For their third date, she drove him out into the desert to watch the sunrise, drink coffee from a thermos, and eat flaky, marzipan-filled pastries from Freed’s Bakery. That morning, it was just below 40 degrees. Somewhat embarrassed by her relative wealth, Ruby skipped her fur coat and instead wore a thick turtleneck sweater over bell-bottom jeans and old, scuffed boots. In the nebulous gray dawn, they sat on the back end of her Karmann Ghia, looking eastward.
“The sky looks wounded,” she said. A thick band of deep lavender cloud sat like a heavy bruise on a meager sliver of red sky.
“Is like your painter Rothko. Those lines, those soft bands of color, how they blend into each other.” He pointed.
“Will you teach me?”
“What?”
“About art. I don’t know enough. I need to know, for design school, and I don’t know anything.”
“I can teach you dad. And other things, too.”
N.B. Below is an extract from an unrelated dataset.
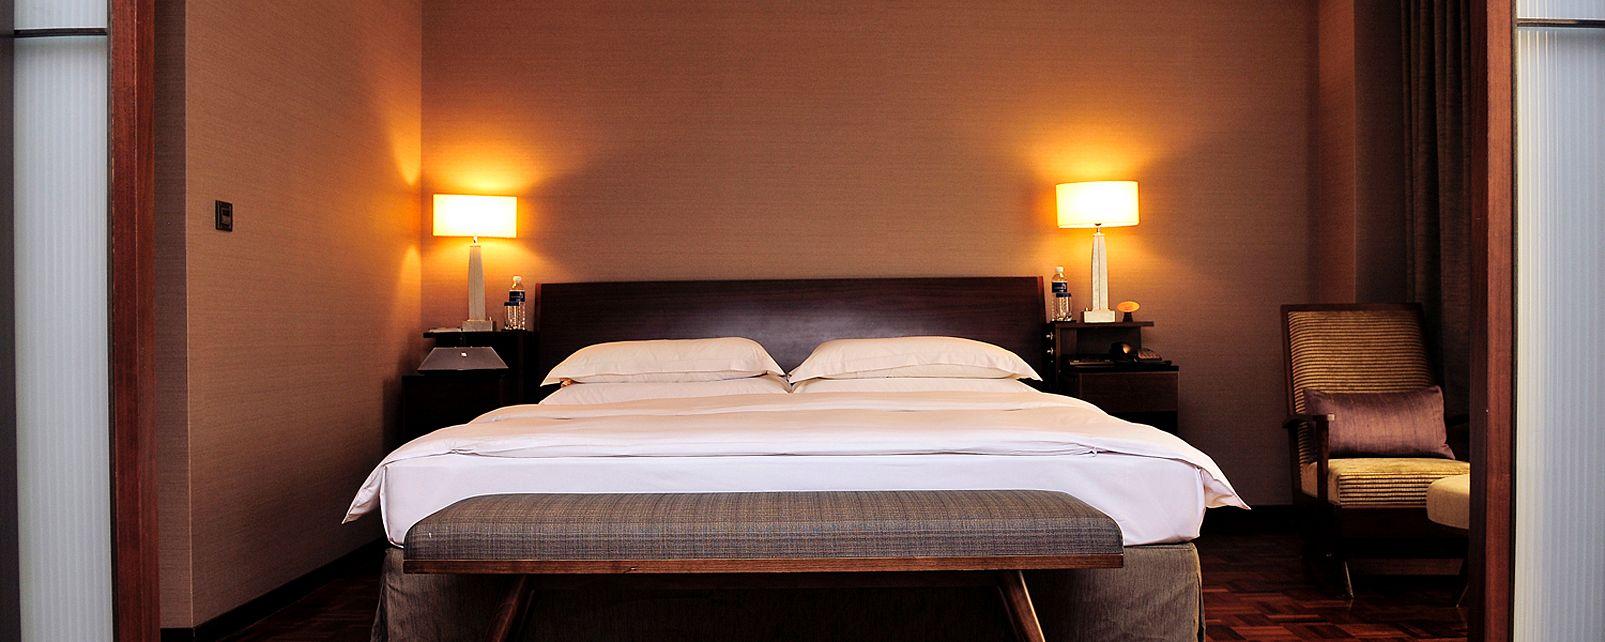 Hôtel Les Suites Ching Cheng

He touched the angle of her jaw with his dawn-cool fingertips, turned her face toward his and kissed her deeply. His mouth tasted of coffee and cigarettes; she felt his bitterness on her tongue. Ruby slipped her own cold fingers beneath his hair, felt the heat at the back of his neck, and pulled him closer.
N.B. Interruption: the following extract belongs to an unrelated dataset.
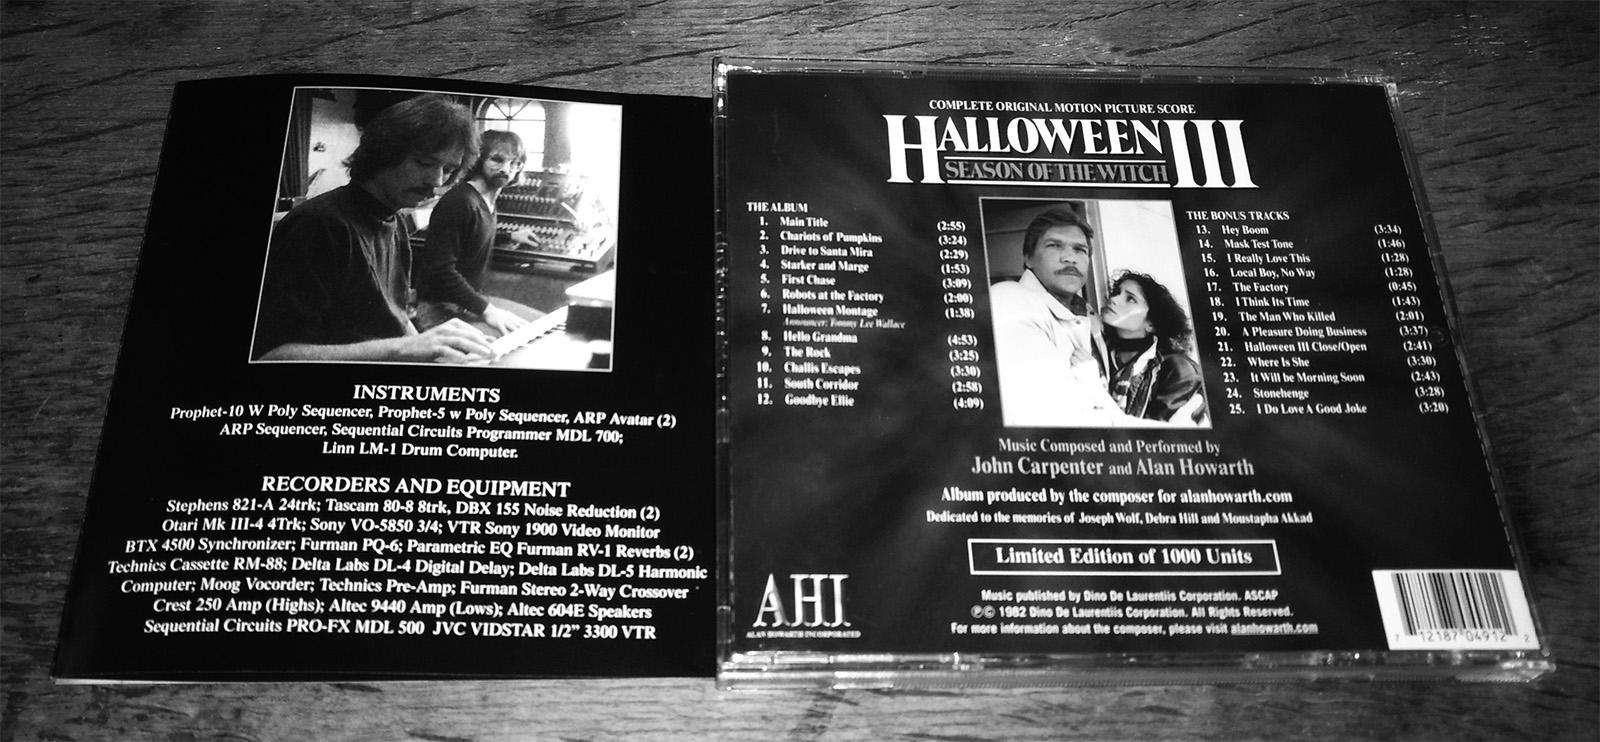 halloween iii complete soundtrack john carpenter alan howarth 1

“I think maybe,” he said then paused. “Maybe today is our day.”
He was nearly featureless in the dim light, the sunrise still held at bay by the onerous bank of clouds.
“Yes,” Ruby agreed. “Our day.”
“We will have a lacy day,” he said, and she realized he meant lazy, easy.
She didn’t yet know where he lived, but she guessed that he must be ashamed of his circumstances, and so they went to her apartment.
* * *
—
HIS NIPPLES WERE a dark maroon, and his uncircumcised penis had a slight purple tint to it—a decided contrast to the variety of pink penises Ruby had known. She imagined him striding across a savanna, all sinew and barely restrained power. As she stroked his body, she knew that he was capable of running at great speed, of sinking claws into the shoulders of his prey and bringing it down. Ruby was eager to be devoured, eager to succumb. And so, she did.
She lay wholly, completely naked beneath his gaze. Determinedly, she let go all artifice, all pretense of self-assurance. She’d touched his scarred foot, and so she let him see her scars without once attempting to hide them or distract him from them. She let his fingers caress their contours, let his tongue linger over their pearl borders. She let him see her face when he looked up from her body, when he tried to see behind her eyes, to learn the secret birthplaces of her wounds.
He waited until afterwards, when he lay on his back, staring at her ceiling and holding a cigarette between his thumb and index finger. Ruby was lying on her side, watching him, thinking she’d never before in her life been so relaxed, so “lacy.”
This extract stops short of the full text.